In certain embodiments, the composition may include a pharmaceutically acceptable carrier, a flavonoid, or a derivative or a salt thereof.

In certain embodiments, the composition may include a pharmaceutically acceptable carrier, a catechin, or a derivative or a salt thereof.

In certain embodiments, the composition may include a pharmaceutically acceptable carrier, epigallocatechin gallate (EGCG), or a derivative or a salt thereof.

The compositions may be administered to a subject, such as a mammal, by a number of routes, such as, intranasal, pulmonary, sublingual, oral, buccal, intra-vaginal, intra-rectal, ocular, intradermal, transdermal, transcutaneous, subcutaneous, intra-venous and intramuscular.

Provided are methods for making the compositions, the method includes admixing the pharmaceutically acceptable carrier and the flavonoid to produce the compositions.

Methods of using the compositions are also provided herein. The methods comprise administering the compositions to a subject to suppress or reduce that amount of pathogens or the pathogenic action of the pathogen, or reduce symptom or symptoms of disease caused by the pathogen in the subject by antipathogenic action.

In certain embodiments, the compositions are used to treat a subject with a viral infection.

In certain embodiments, the compositions are used to treat a subject infected with ssRNA viruses. Non-limiting examples of ssRNA viruses are HIV (human immunodeficiency virus), HCV (Hepatitis C virus), DENV (Dengue virus), JEV (Japanese tickborne encephalitis virus, TBEV (tickborne encephalitis virus), ZIKV (Zika virus), CIKV (Chikungunya virus), HTLV-1 (human T-cell leukemia type 1), enterovirus EV71, and PRRSV (porcine reproductive and respiratory syndrome).

In certain embodiments, the compositions are used to treat a subject with a beta-corona virus infection. Non-limiting examples of beta-corona viruses are SARS-CoV, MERS, and SARS-CoV-2.

In certain embodiments, the compositions are used to treat a subject with CoVID-19.

Before the present invention and specific exemplary embodiments of the invention are described, it is to be understood that this invention is not limited to particular embodiments described, which may, of course, vary. It is also to be understood that the terminology used herein is for the purpose of describing particular embodiments only.

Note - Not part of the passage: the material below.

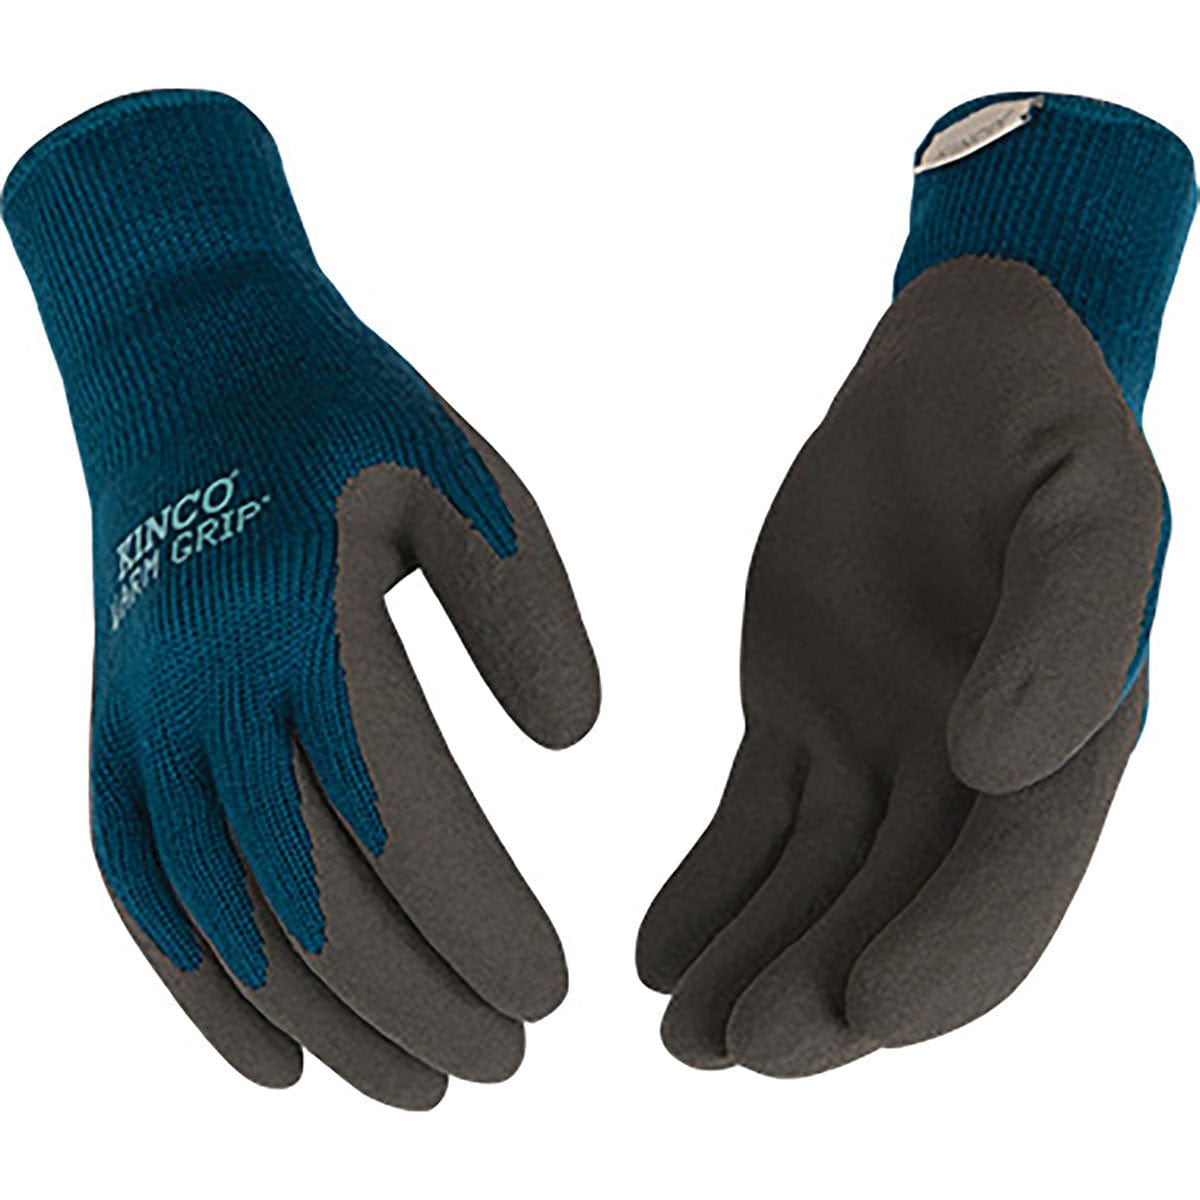 Rubber Palm Coated Stretch Knit Work Gloves | Nebraska Turf Products

Although any methods and materials similar or equivalent to those described herein can also be used in the practice or testing of the present invention, certain preferred methods and materials are now described. All publications mentioned herein are incorporated herein by reference to disclose and describe the methods and/or materials in connection with which the publications are cited.

It must be noted that as used herein, the singular forms “a”, “an”, and “the” include plural referents unless the context clearly dictates otherwise. Thus, for example, reference to “a composition” includes one and/or a plurality of such compositions, and reference to “a flavonoid” or “a tannin” includes one, two, or more flavonoids, or tannins and so forth.

BRIEF DESCRIPTION OF THE DRAWINGS

For a more complete understanding of the present invention and the advantages thereof and by way of nonlimiting example only, reference is made to the following descriptions, taken in conjunction with the accompanying illustrative drawings, in which:

FIG. 1 is a graph showing neutralization of SARS-CoV-2 with epigallocatechin gallate (EGCG).

DETAILED DESCRIPTION OF EXEMPLARY EMBODIMENTS

The present disclosure provides flavonoid compositions that are capable of inhibiting pathogenic growth. Also provided are methods of making the flavonoid compositions as well as methods of using the flavonoid compositions.

Definitions

The phrase “pharmaceutically acceptable” refers to a substance that is generally safe and is acceptable for veterinary pharmaceutical use when the subject is a non-human and human pharmaceutical use, when the subject is a human.

“Penetration enhancement” or “permeation enhancement” as used herein refers to increasing the permeability of skin or mucosa to an composition so as to increase the rate at which composition antigen passes through the skin or mucosa and enters the lymph node or the blood stream.

A “therapeutically effective amount” or “efficacious amount” means the amount of a compound that, when administered to a mammal or other subject for preventing or treating a disease, is sufficient to affect such prevention or treatment for the disease. The “therapeutically effective amount” will vary depending on the compound, the disease and its severity and the age, weight, etc., of the subject to be treated.

Overview

The present invention provides flavonoid compositions that are capable of inhibiting pathogenic growth. Also provided are methods of making the flavonoid compositions as well as methods of using the flavonoid compositions.

Compositions

Flavonoid compositions provided herein may include: a pharmaceutically acceptable carrier; and a flavonoid.

In certain cases, the pharmaceutically acceptable carrier may be an organic carrier or an inorganic carrier. Examples of inorganic carriers include alum and other aluminum salts, e.g., aluminum hydroxide (Alum) or aluminum phosphate. Examples of organic carriers include liposomes, oils, and the like. In certain embodiments, the pharmaceutically acceptable carrier may be oil, such as, animal oil, vegetable oil, fossil oil, synthetic oil, and the like. Examples of animal oil include fish oil, shark liver oil, squalene oil, squalene, etc. Examples of vegetable oil include mustard oil, corn oil, olive oil, grape seed oil, coconut oil, safflower oil, etc. In a particularly preferred embodiment, the pharmaceutically acceptable carrier is a fish oil, such as fish squalene oil, or squalene.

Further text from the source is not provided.